Saturday, February 03, 2007

The Hassles of Framing.

Probably the most odious task involved with putting together a show of artwork is the framing. Oftentimes this is the most expensive part of the entire process. Artists are famous for their poverty... a reality that's likely a function of the value of art in our society. But like it or not, presentation is a huge factor in the marketability of art... and if you try to take shortcuts in framing, it becomes patently obvious to the mildly observant viewer.

So what does one do? When I had my first show I decided that I would buy all the raw materials myself and save money doing it. I went out and bought big sheets of foam core, and had panes of shatterproof glass cut at a local auto glass business. I still needed to figure out how to affix the glass to the backing, and what to use for mountings. I decided I could use business document clasps and purchased them at Staples. Then a clerk at the art supply store convinced me that I could use some sticker mounts with plastic ends. He told me that they could hold thrity pounds indefinitely. I forget what they were called (zips?) but that's probably a good thing- I would never want to reommend their use. They worked fine while the art was displayed, but later on they broke off and I cracked a few frames. Luckily no one got hurt.

The foam core was thick and very difficult to cut neatly. The edges even had to be sanded afterward. Fortunately I had assistance from a friend with a steady hand and experience with a straight razor. Then I had to make a template to center the prints on the backings. It was the middle of summer, and the sweat from my brow dripped and stained the foam core. I used acid-free, two-sided tape to affix the prints. This was meticulous and draining work. I struggled to get each one perfect. The images were pressed directly against the glass because I didn't use mattes. This was a mistake, and a hassle as well. Any moisture made the photo surface smudge. Ultimately my homemade solution looked good, but I resolved to find an easier way in the future. And I would have to because I couldn't re-use those frames, since I wrote the titles directly on the foam core.

For my next show I just broke down and invested in thirty pre-made, manufactured frames. I chose to use natural wood grained, matted frames from Nielsen Bainbridge. I bought them from Utrecht in the South Side (Pittsburgh). I got a fairly good deal, paying about $16 a piece. It was a large outlay, but it has paid off since. For the price, they are remarkably professional looking. Of course, this option requires a standard-sized print. The matte opening I chose was for 11" x 14" images. I have sinced re-used these several times, and they seem to be holding up quite well. The wall mountings included are kind of cheap, so the best option is just to rest the frame directly on two nails. If you are not willing to spend excessive amounts on custom framing, this is the way to go.

When it comes to actually sitting down and putting 30 or so images behind glass, it helps to have a friend willing to lend a hand. Particularly if you set up an assembly line system. Windexing the glass, pulling off the backings, taping (use acid-free artist tape... not the double sided version), and signing the work are all discreet steps in a larger system of efficiency.

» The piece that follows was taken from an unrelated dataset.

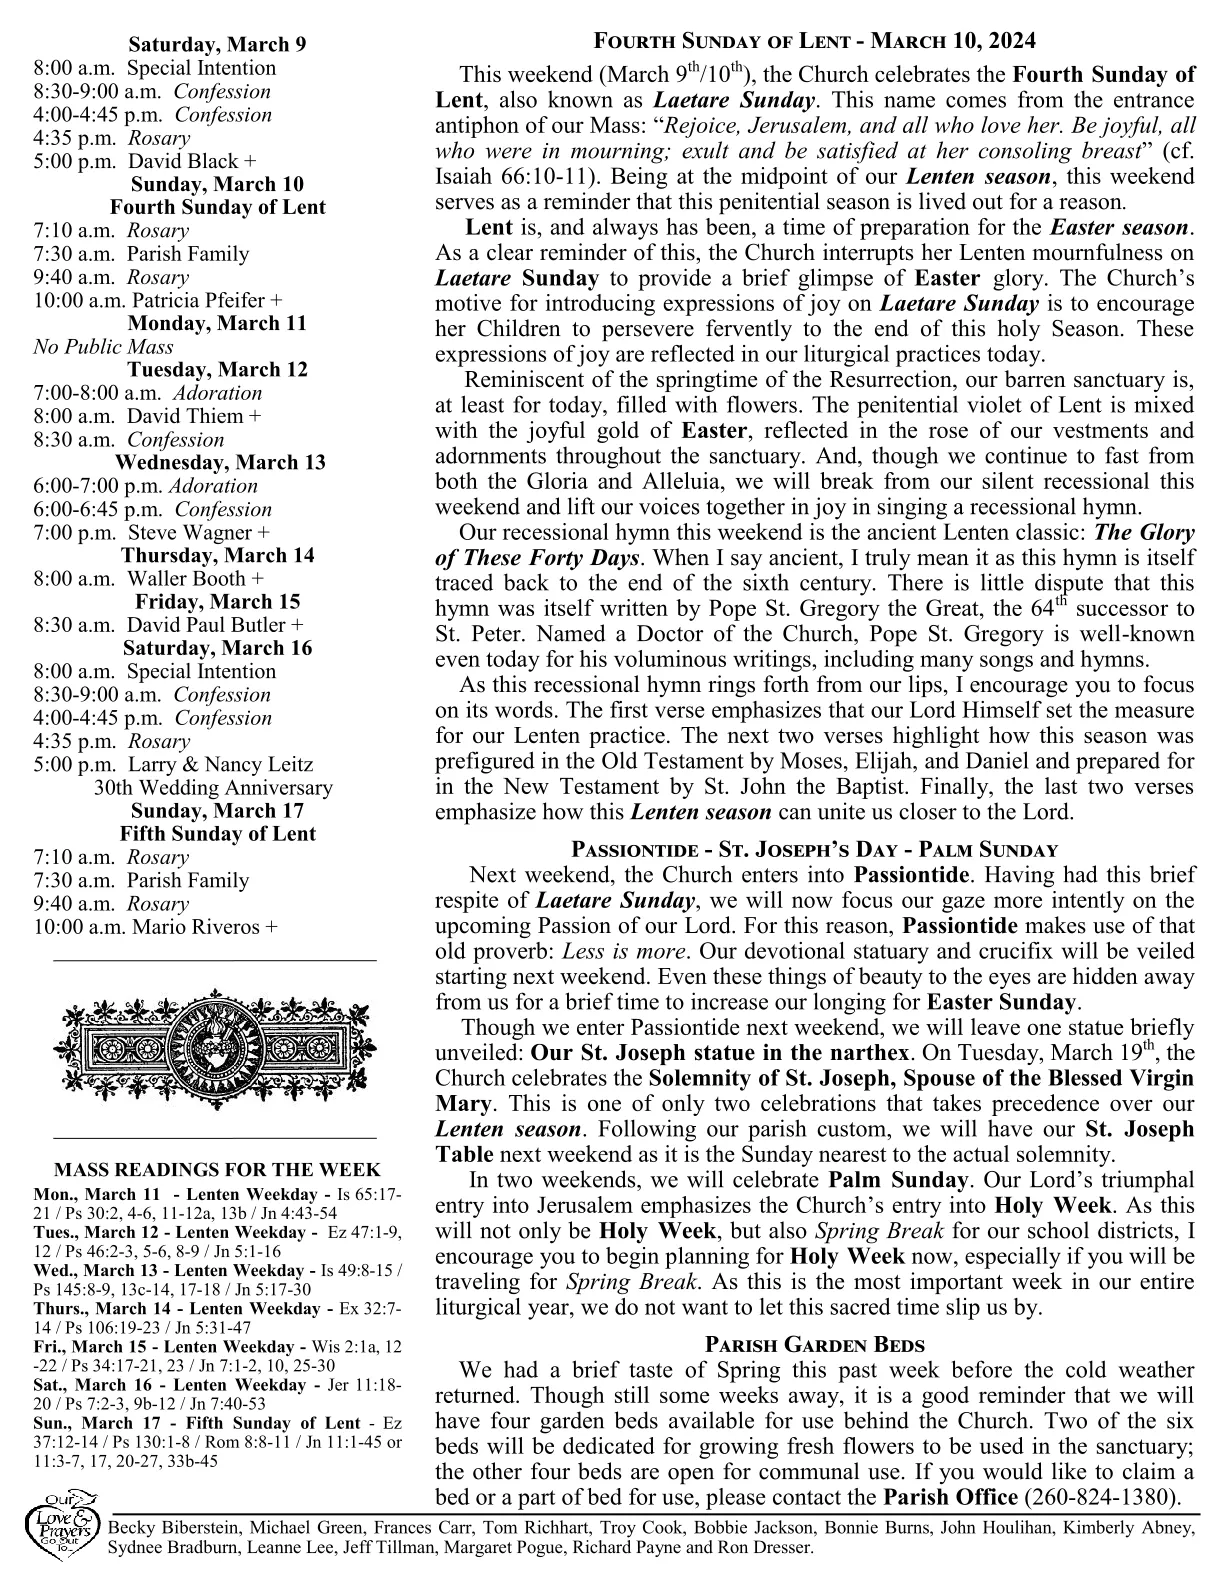 Mar 10, 2024 - Bulletin - Page 2

Put on some energizing music and try not to think about how much there is to be done. Keep the cats out of the room, and maintain a clean surface to work upon. You're done before you know it, and you can look forward to the joys of hanging your work!

8 Comments:

Blogger Merge Divide said...

I feel obligated to apologize to anyone who read this entire post with the expectation of finding anything interesting hidden in its form. One does feel obligated to establish a floor, as well as a ceiling. This is the most boring post I have ever written.

7:56 PM  
Blogger Dagrims said...

Actually, I found your post interesting. I never thought about the labor and cost that go into framing photographs for display. I know that spending nearly $500 for some frames must have been a huge decision for you.

Don't underestimate your ability to turn what you consider a mundane activity into an informative and interesting article.

8:21 PM  
Anonymous jefg99 said...

I'm just happy to own one of your first frames from your original show.

3:03 PM  
Blogger Merge Divide said...

dagrims,

are you calling me cheap, or just rubbing my poverty in my face? (just kidding, of course... can't convey ironic tone over net)

I'm glad someone got something from this post.

5:16 PM  
Blogger Merge Divide said...

jefg,

And I'm just happy that it hasn't found it's way into the garbage yet. You might want to be wary of the mount on that piece. However, I haven't had any difficulties with the 8" x 11"s. Ah shucks.. you wouldn't sue me anyway.

5:18 PM  
Anonymous Anonymous said...

great post!
all artists will appreciate it.
sometimes i'll feel very fortunate.

4:34 PM  
Anonymous Anonymous said...

You could have asked your local framer and gallery owner for help. Chances are that he could have worked within your budget and made the few bucks that you gave to the mail order company that does not support art in your town.

12:56 PM  
Blogger Merge Divide said...

You definitely have a point. But for what I had available as far as finances are concerned, the local framer wouldn't have made any profit. The opportunity for him/her would have been charity work.